**DATA FOR PROCESSING:**
▼

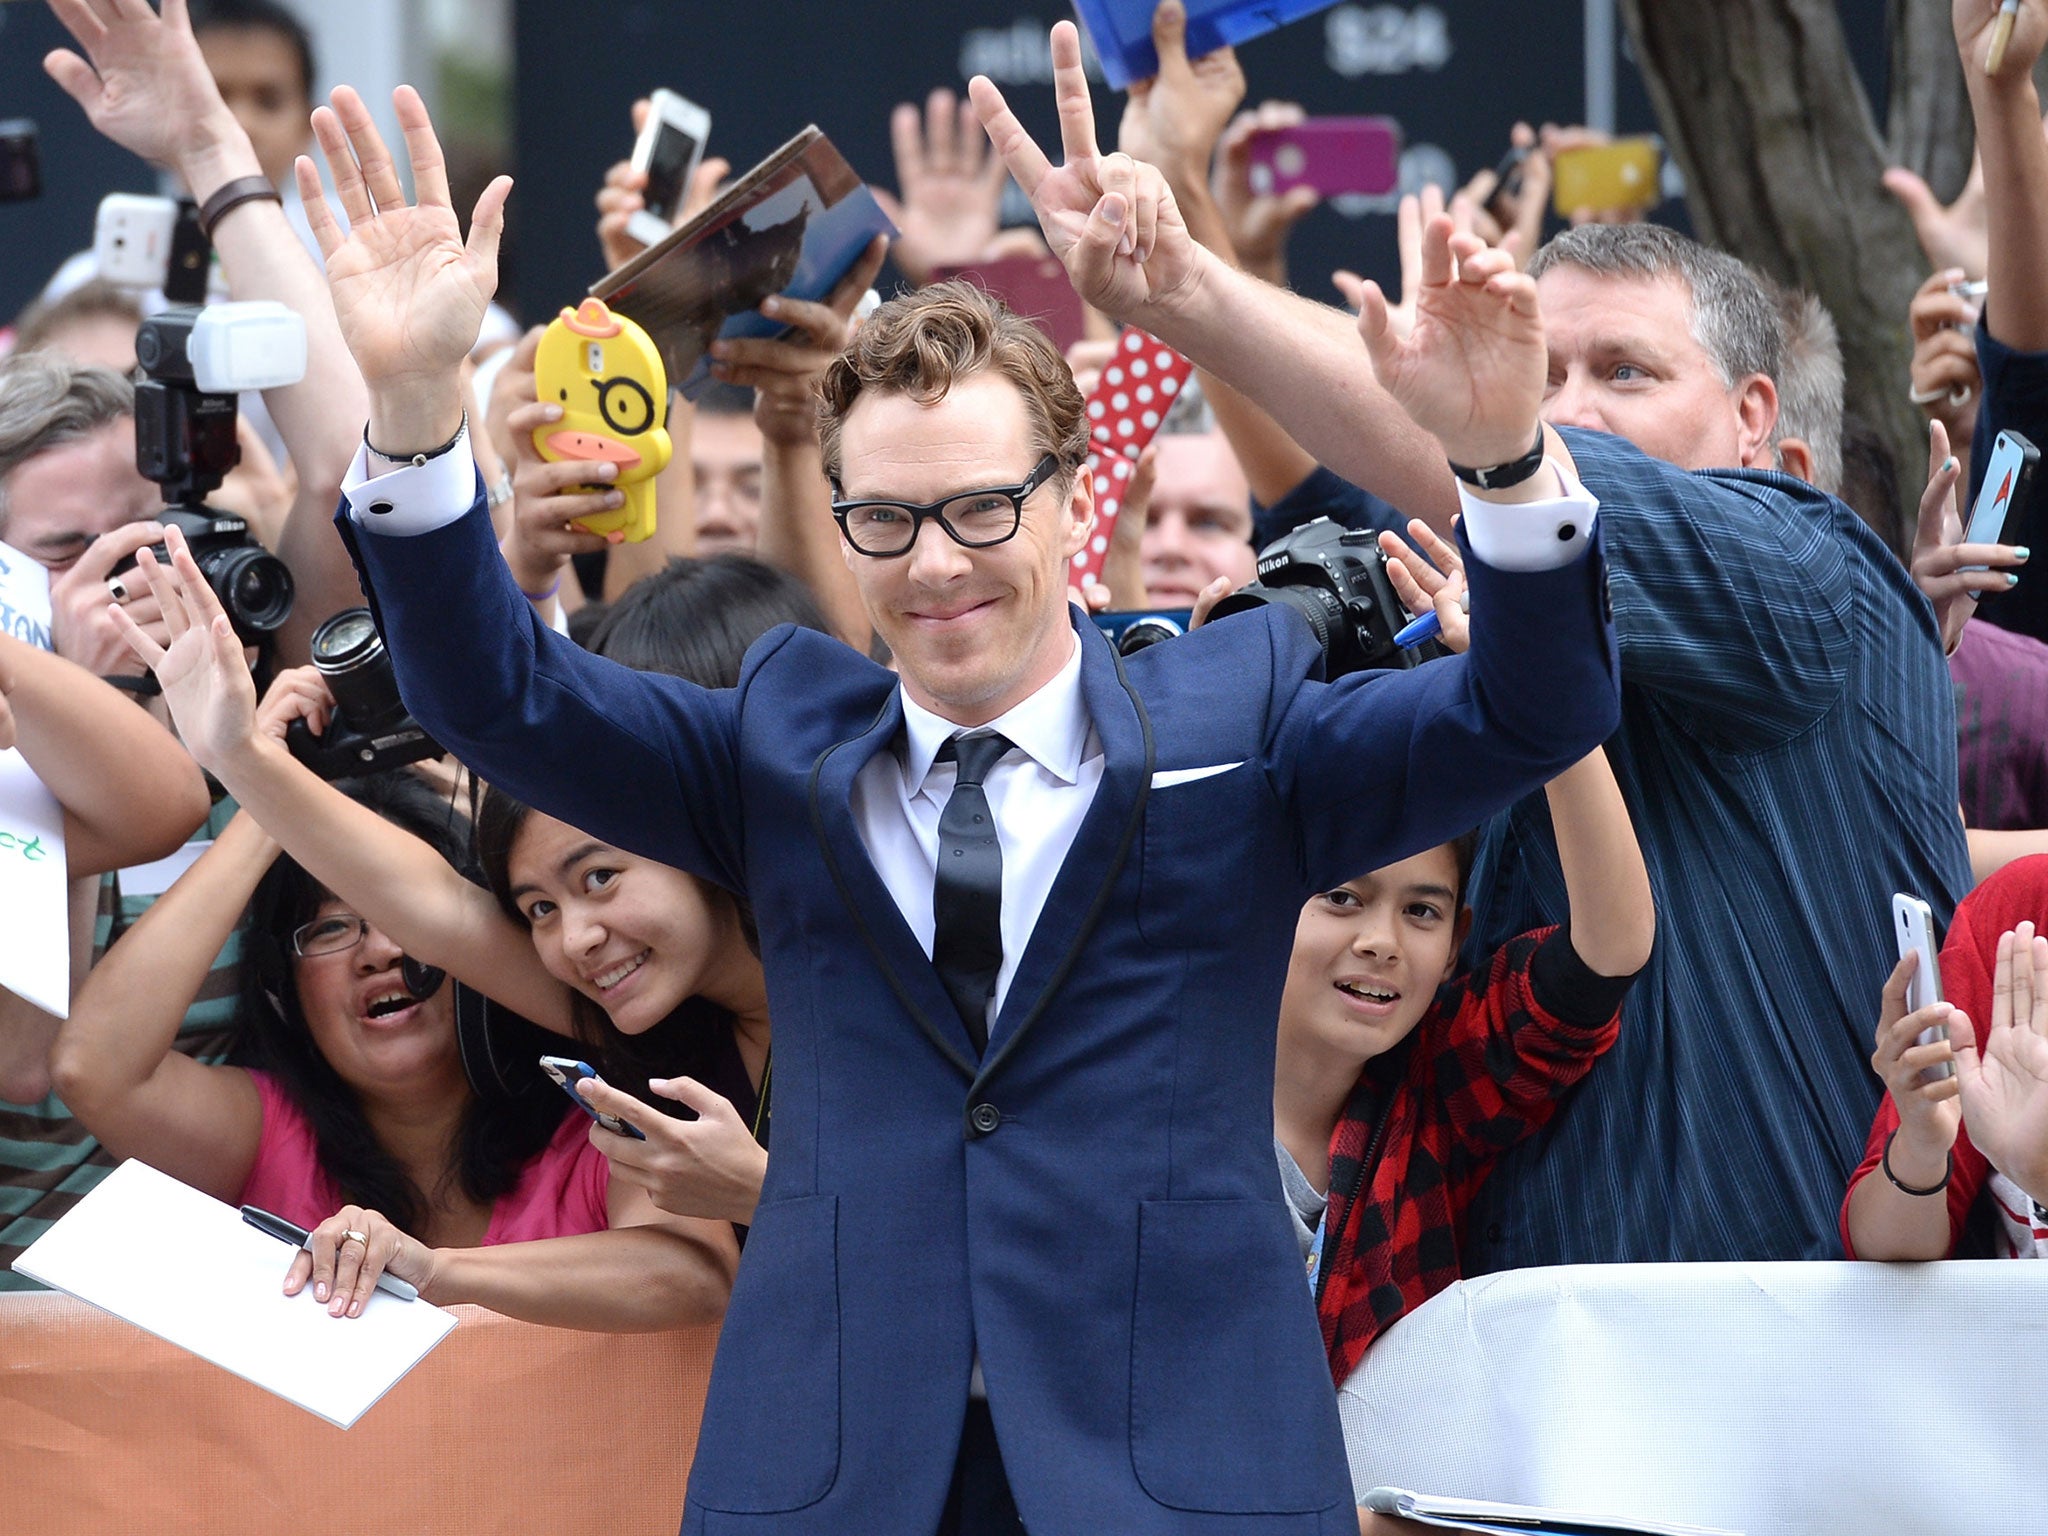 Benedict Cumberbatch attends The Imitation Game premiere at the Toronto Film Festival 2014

▲
▼

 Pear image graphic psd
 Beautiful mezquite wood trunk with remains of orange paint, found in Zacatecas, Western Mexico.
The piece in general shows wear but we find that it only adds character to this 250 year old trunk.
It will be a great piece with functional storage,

▲

**INSTRUCTIONS FOR THE TASK:** Each line above from the one with "Beautiful mezquite wood" up to and including the one with "It will be a" must be set down exactly, and no line outside that span may appear.

**OUTPUT OF THE TASK:**
 Beautiful mezquite wood trunk with remains of orange paint, found in Zacatecas, Western Mexico.
The piece in general shows wear but we find that it only adds character to this 250 year old trunk.
It will be a great piece with functional storage,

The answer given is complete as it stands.